Passenger car market experiences "double growth" in august, september growth may slow
On the afternoon of September 8th, the latest data released by the China Passenger Car Association showed that in August of this year, the retail sales of the national passenger car market reached 1.995 million units, a year-on-year increase of 4.6% and a month-on-month increase of 8.2%. The cumulative retail sales from January to August reached 14.741 million units, a year-on-year increase of 9.5%.
Image Source: China Passenger Car Association
Cui Dongshu, the Secretary-General of the China Passenger Car Association, pointed out that the retail sales in August this year hit a new high, increasing by 3.7% compared to the historical highest level of 1.92 million in August 2023, showing a gradually steady growth trend.
Since the beginning of this year, the development trajectory of the passenger car market has generally shown the characteristics of "low at the beginning, high in the middle, and stable at the end." In the first two months of the year, the cumulative retail growth rate was only 1.2%, which was relatively low. As market demand gradually released and various consumption promotion policies took effect, the cumulative growth rate from January to June significantly increased to 11%, demonstrating strong growth momentum. In July and August, due to the high base from the same period last year, the growth rate slowed down, but still maintained positive growth, which is in line with market expectations.
Independent brands capture a 65.7% market share.
In the passenger car market in August, different segments showed a clear trend of differentiation.
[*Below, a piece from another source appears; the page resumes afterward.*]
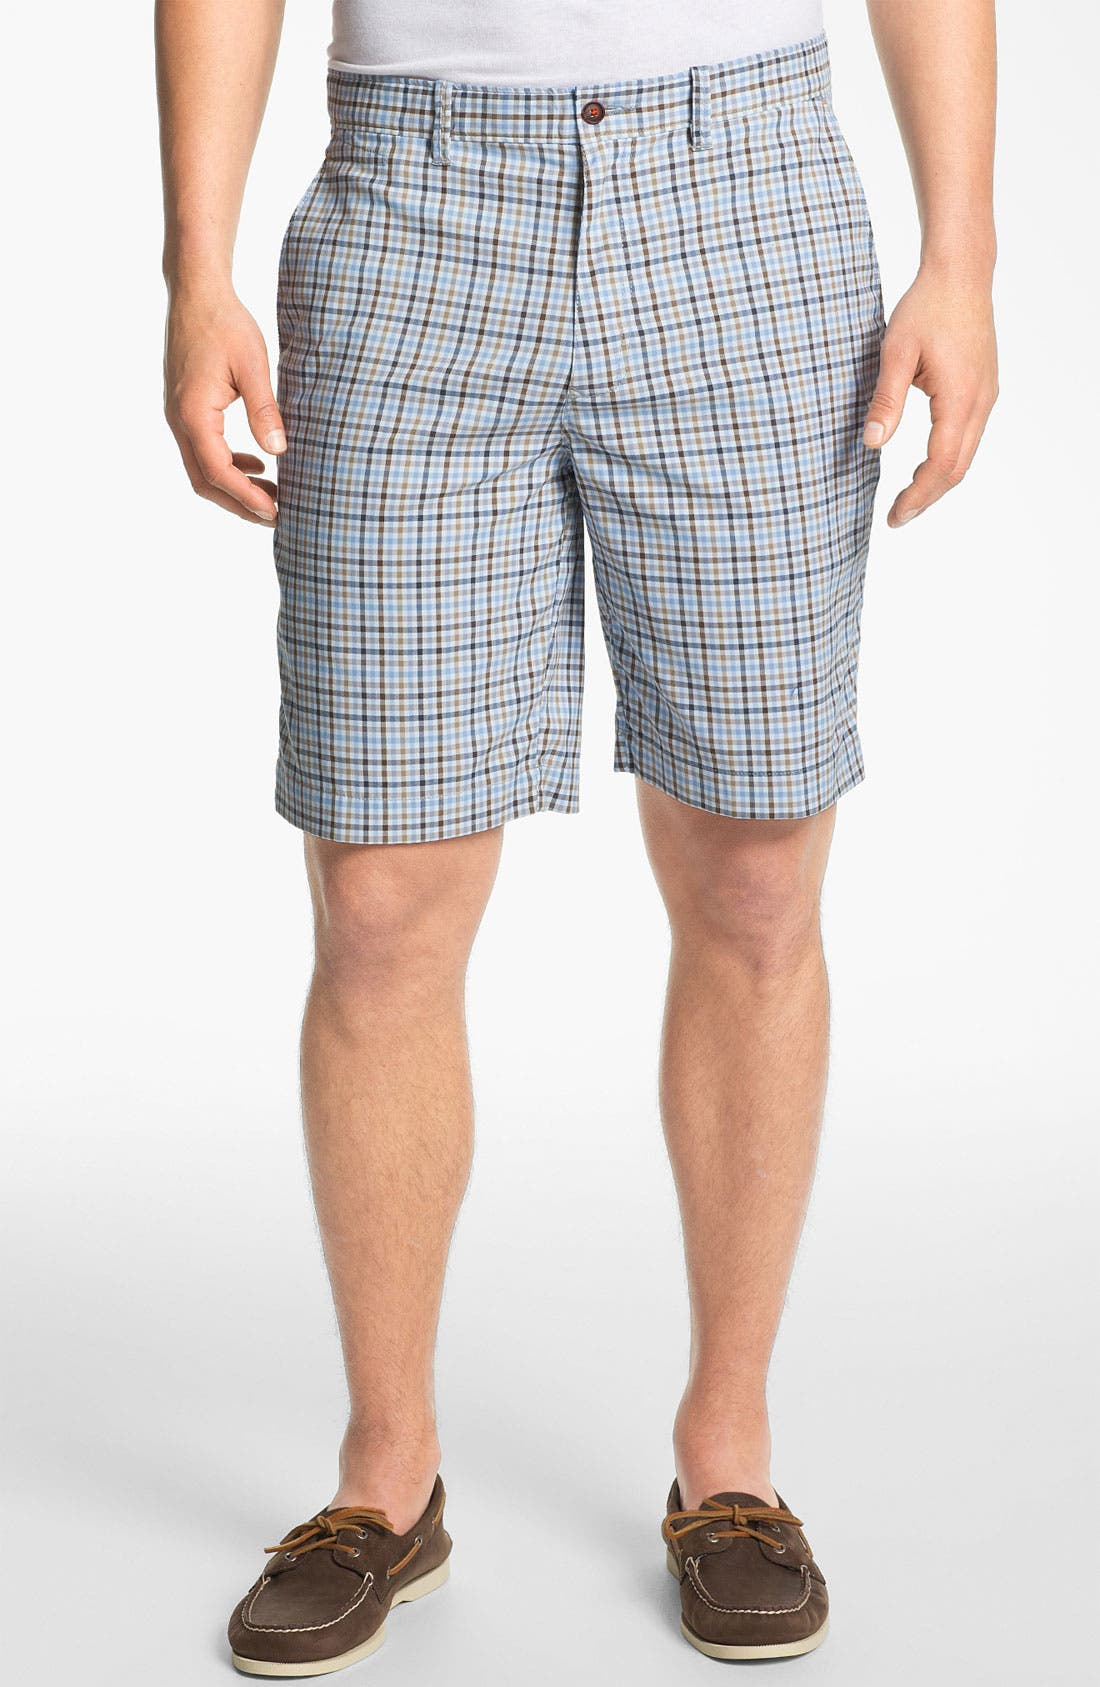 Alternate Image 1 Selected - Tommy Bahama 'Golf Shores' Shorts

Domestic brands continued to maintain a strong leading position, while mainstream joint venture brands and luxury brands faced some growth pressure.
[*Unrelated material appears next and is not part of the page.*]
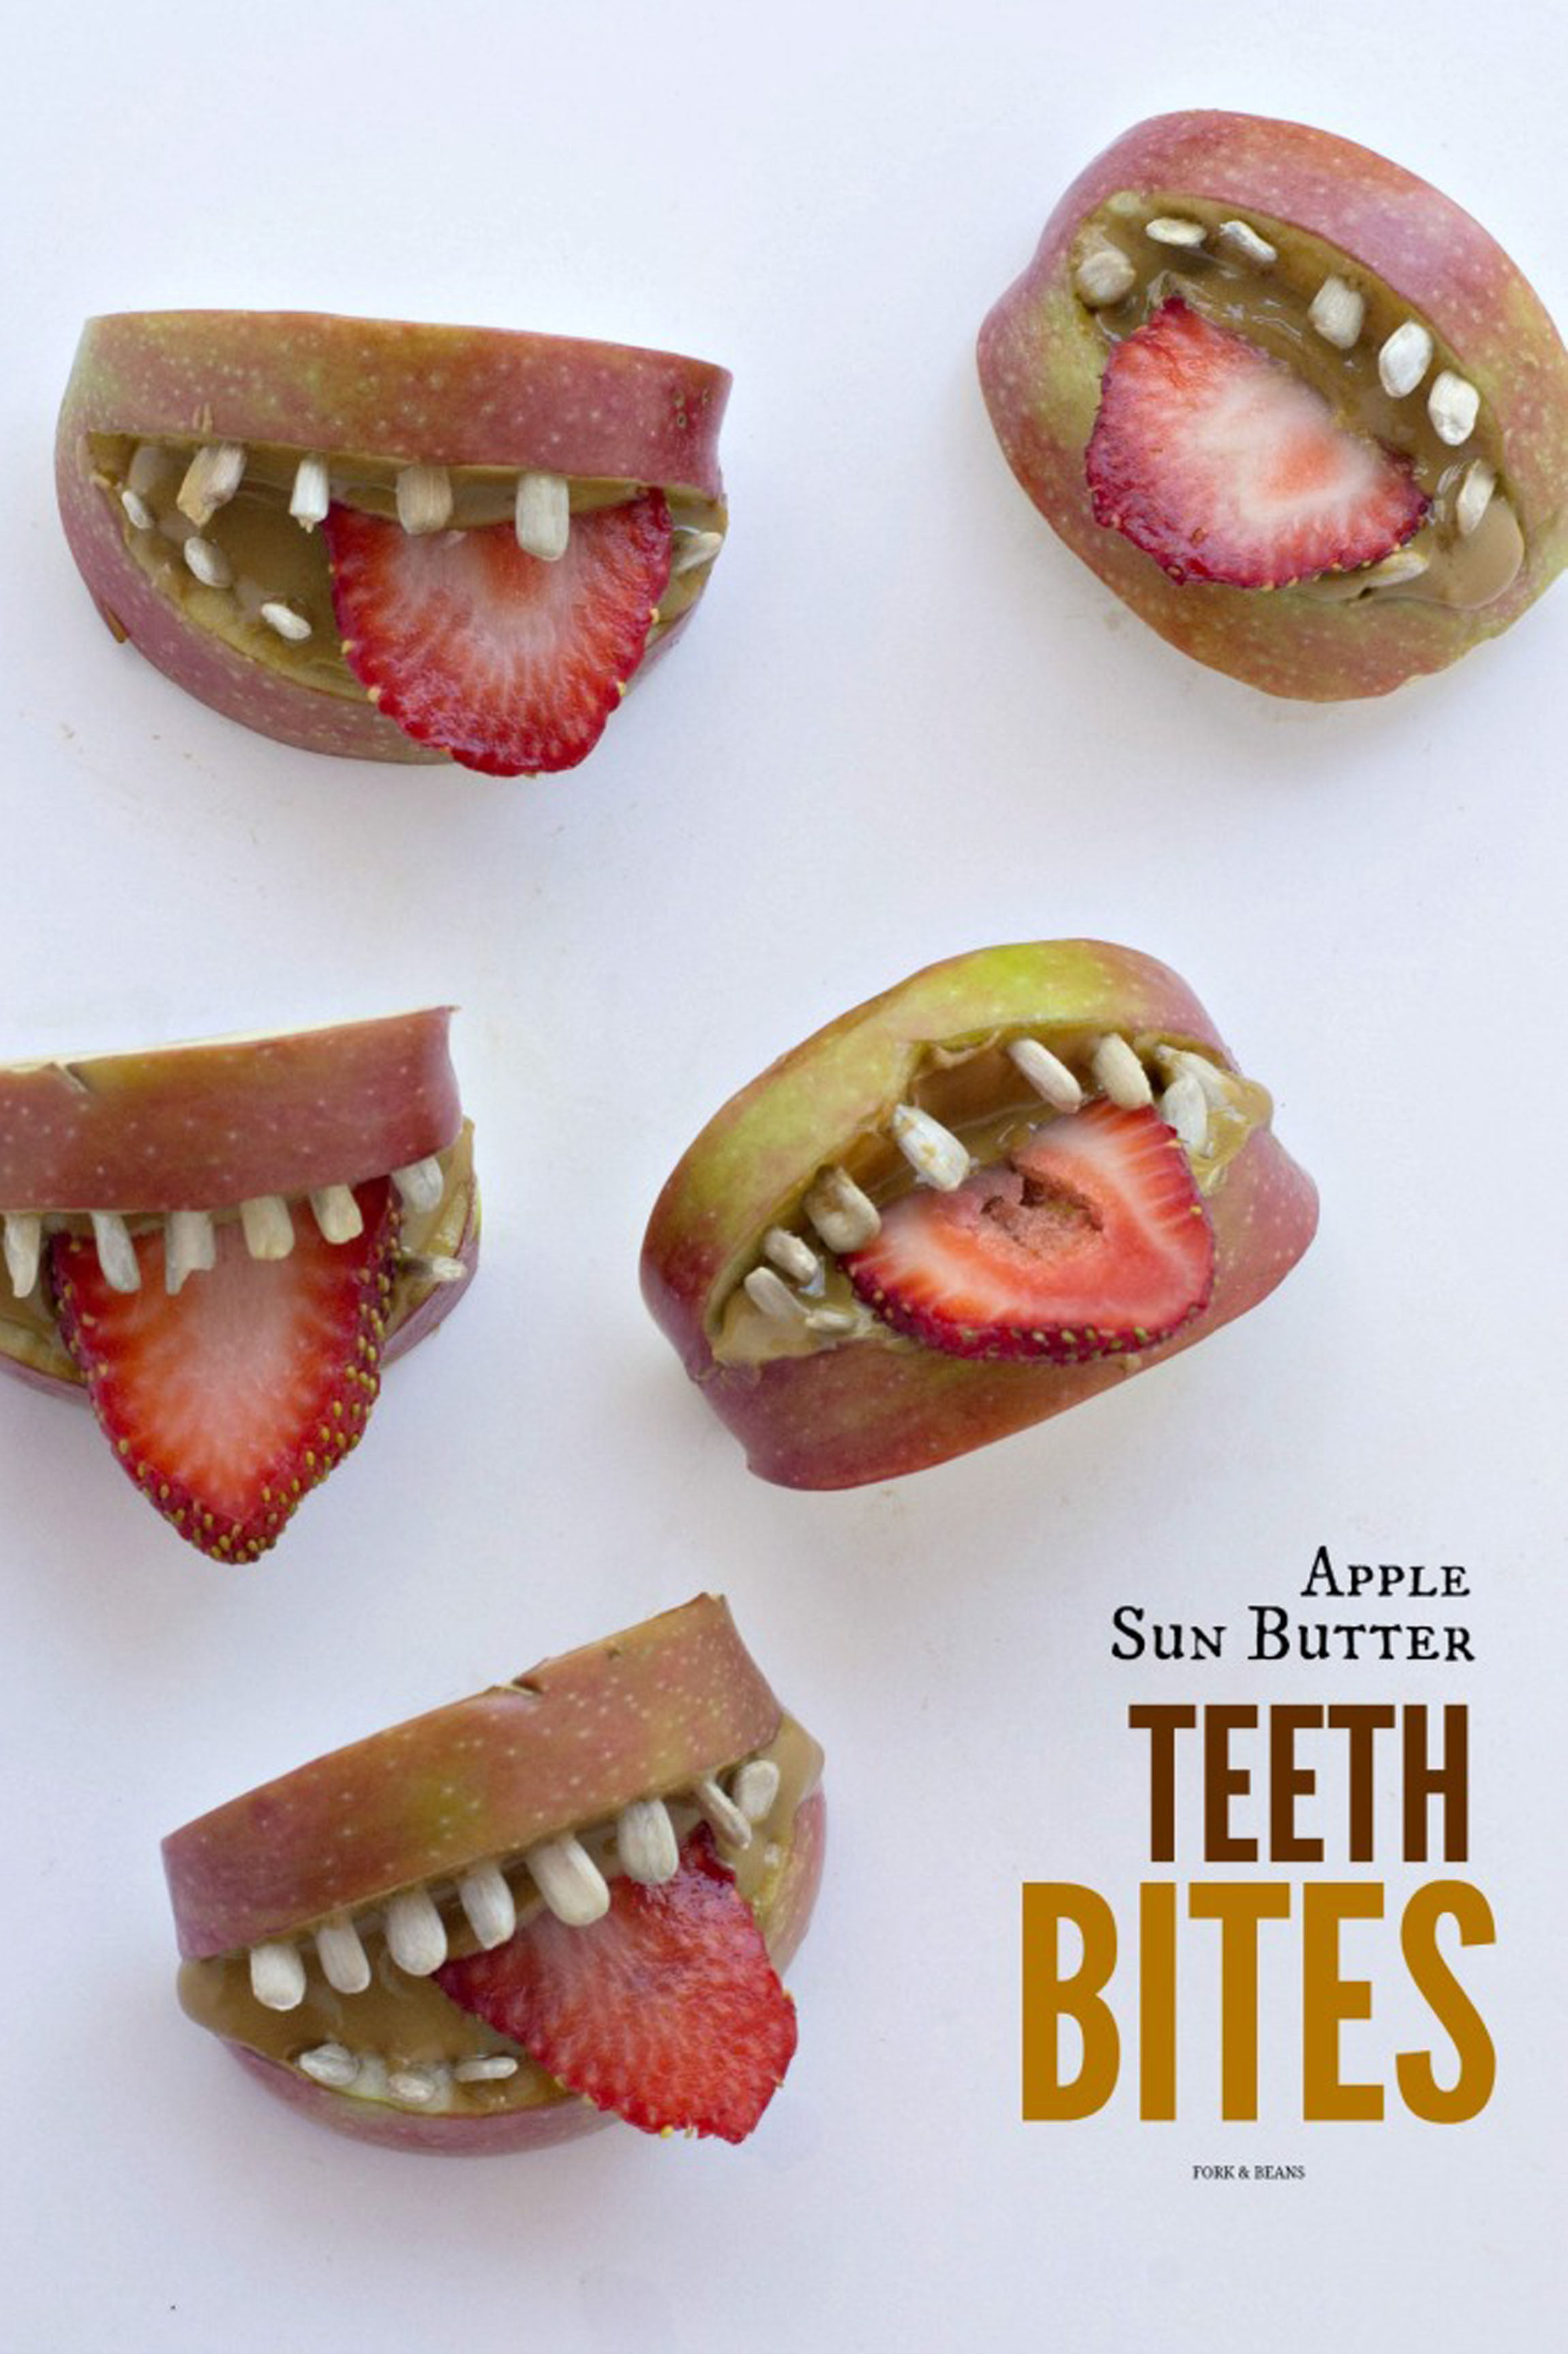 Healthy Halloween Snacks & Treats: Apple Sunbutter Teeth Bites

According to data released by the China Passenger Car Association, the performance of domestic brands was particularly outstanding in August. In that month, domestic brands sold 1.32 million units at retail, an increase of 9% year-on-year and 8.6% month-on-month. In terms of market share, domestic brands achieved a domestic retail share of 65.7% in August, an increase of 2.3 percentage points compared to the same period last year. Looking at cumulative data, from January to August, the retail market share of domestic brands was 64%, an increase of 6.2 percentage points year-on-year, further consolidating their market dominance.
The strong performance of independent brands is attributed to their first-mover advantage and rapid deployment in the new energy sector, as well as the continuous enhancement of their comprehensive competitiveness in product design, intelligent configuration, and cost-effectiveness. In recent years, independent brands have increased their investment in research and development, achieving significant breakthroughs in core areas such as battery technology, motor systems, and intelligent connectivity for new energy vehicles. The series of new products they have launched have been well received by consumers.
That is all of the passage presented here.